-- Opening Marker --

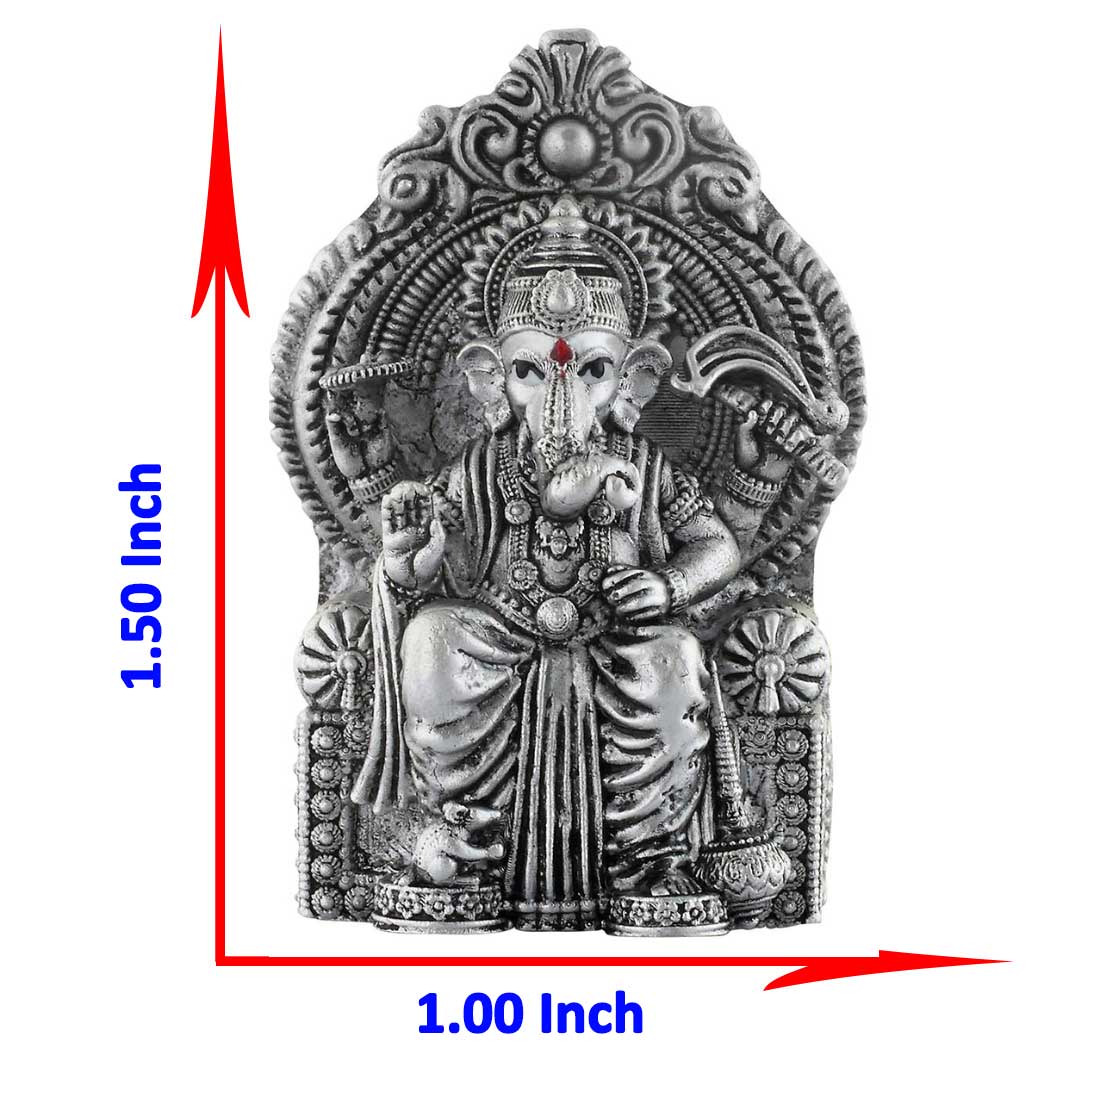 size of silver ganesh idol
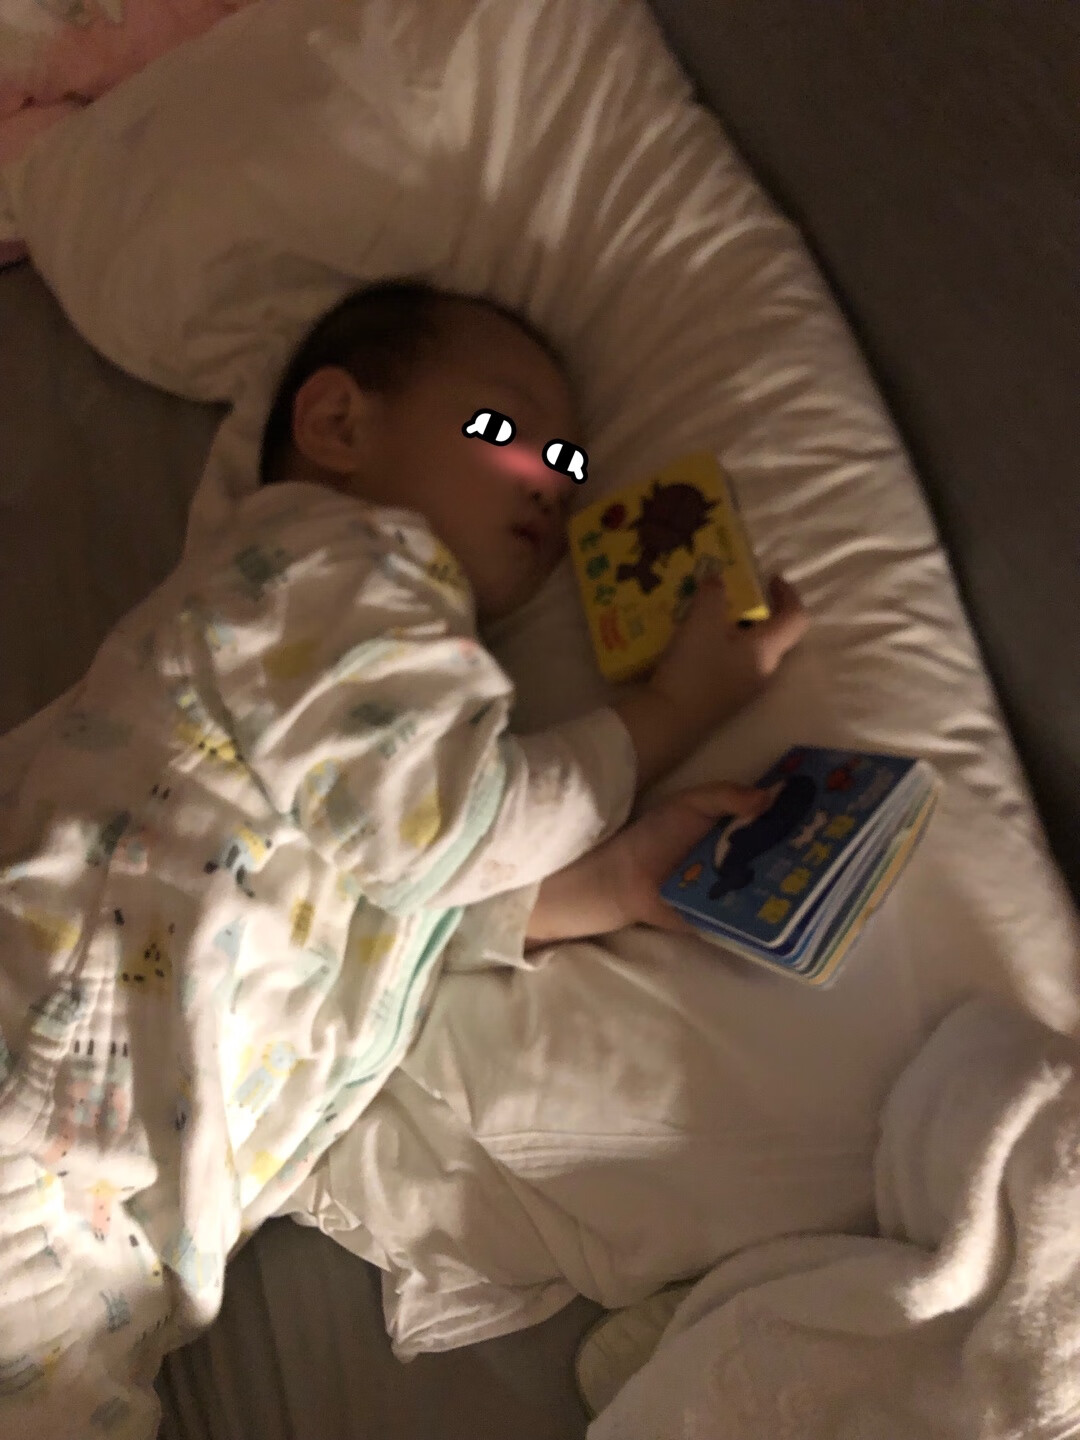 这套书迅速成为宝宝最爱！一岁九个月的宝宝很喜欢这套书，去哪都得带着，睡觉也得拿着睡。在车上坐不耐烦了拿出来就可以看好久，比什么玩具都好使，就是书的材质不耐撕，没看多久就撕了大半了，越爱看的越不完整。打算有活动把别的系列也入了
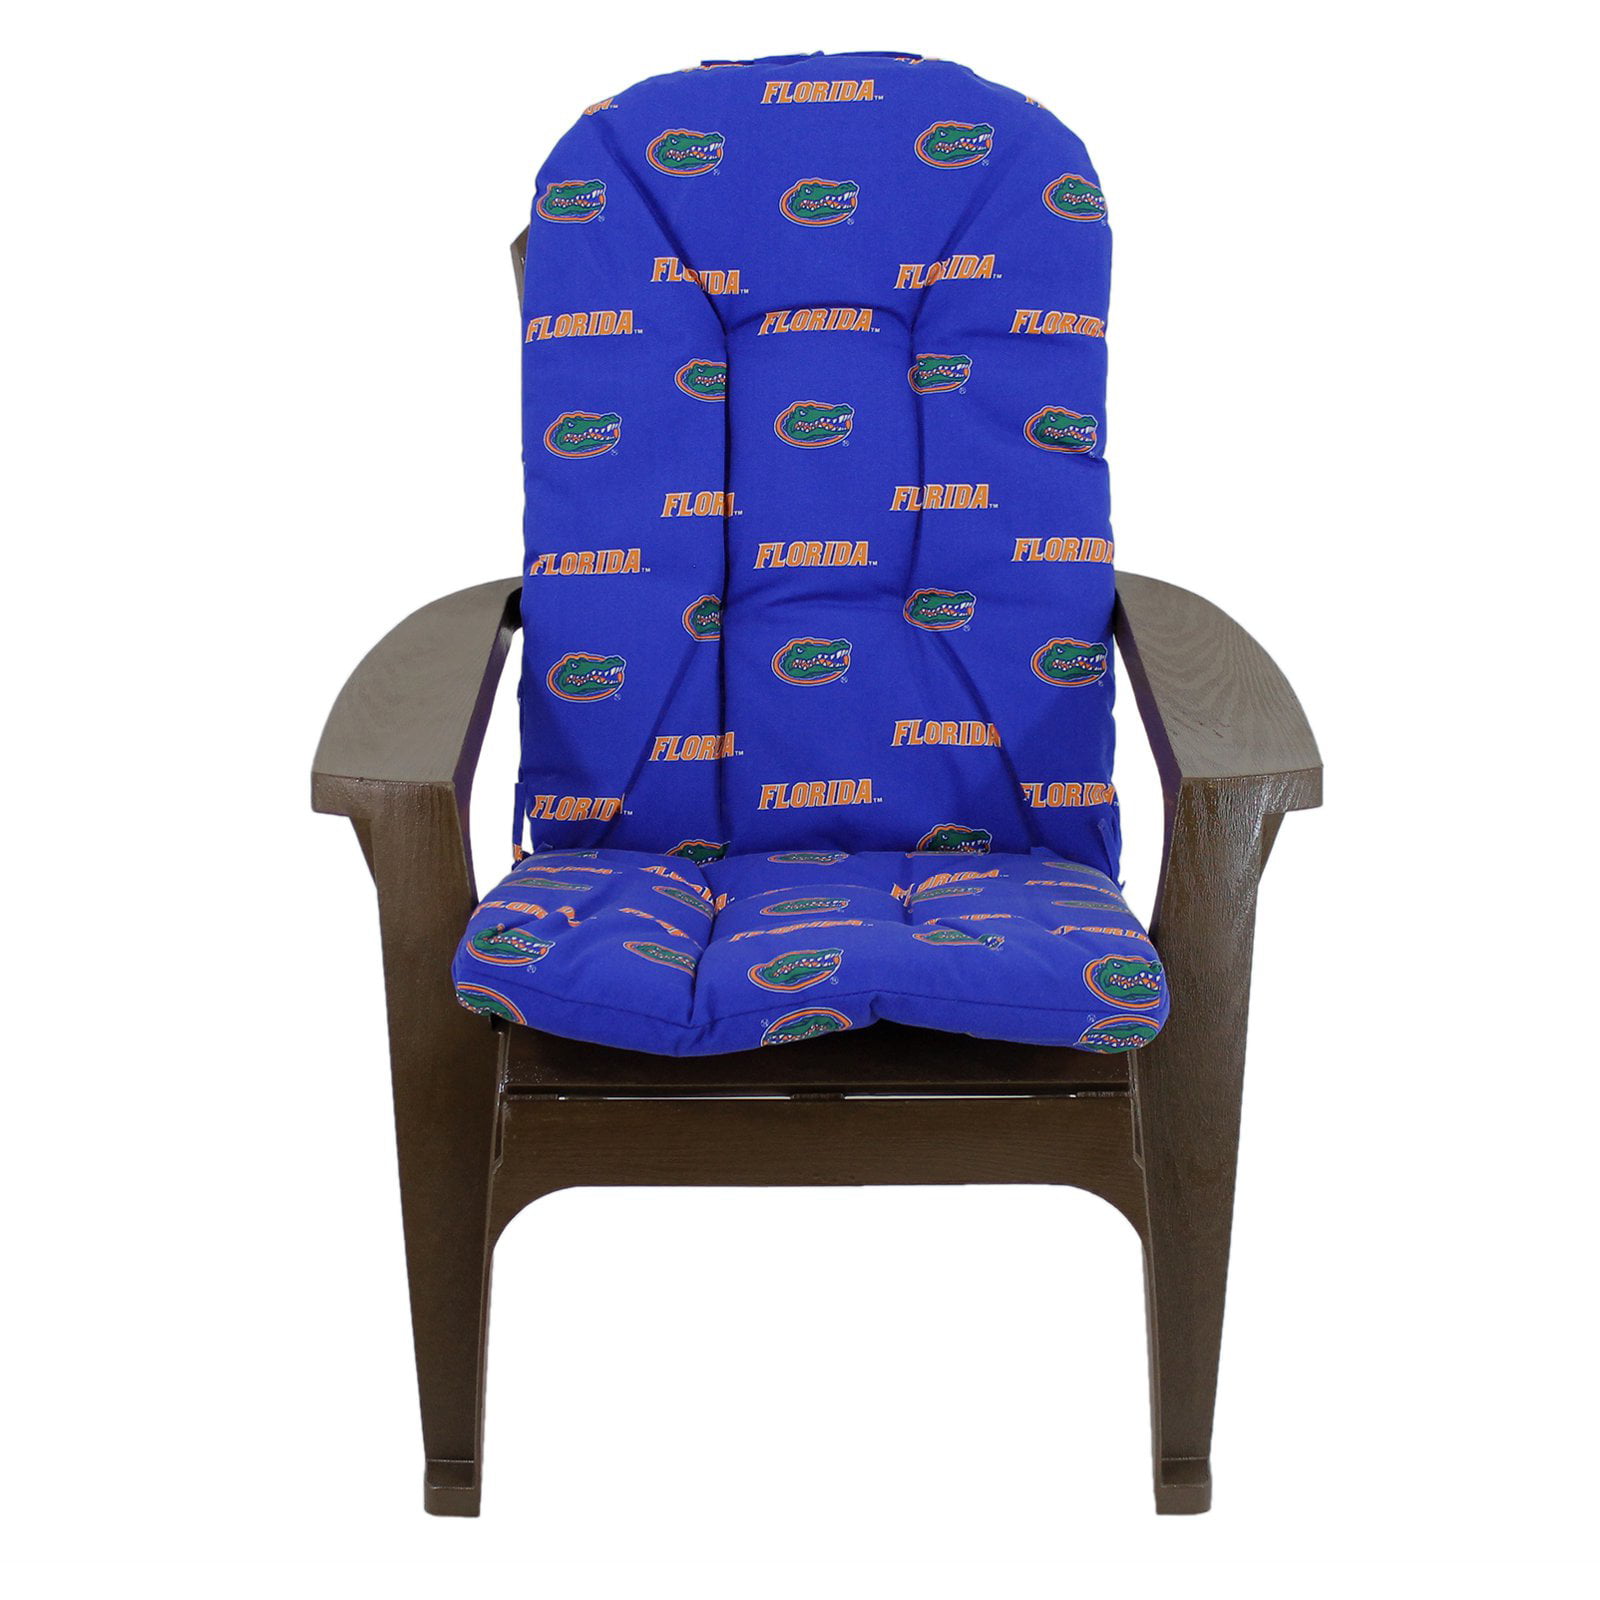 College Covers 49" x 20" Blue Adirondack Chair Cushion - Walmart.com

-- Closing Marker --

HOW TO COMPLETE THIS TASK:
Write out the listing above exactly as it stands, pictures excluded.

TASK OUTPUT:
 size of silver ganesh idol
 这套书迅速成为宝宝最爱！一岁九个月的宝宝很喜欢这套书，去哪都得带着，睡觉也得拿着睡。在车上坐不耐烦了拿出来就可以看好久，比什么玩具都好使，就是书的材质不耐撕，没看多久就撕了大半了，越爱看的越不完整。打算有活动把别的系列也入了
 College Covers 49" x 20" Blue Adirondack Chair Cushion - Walmart.com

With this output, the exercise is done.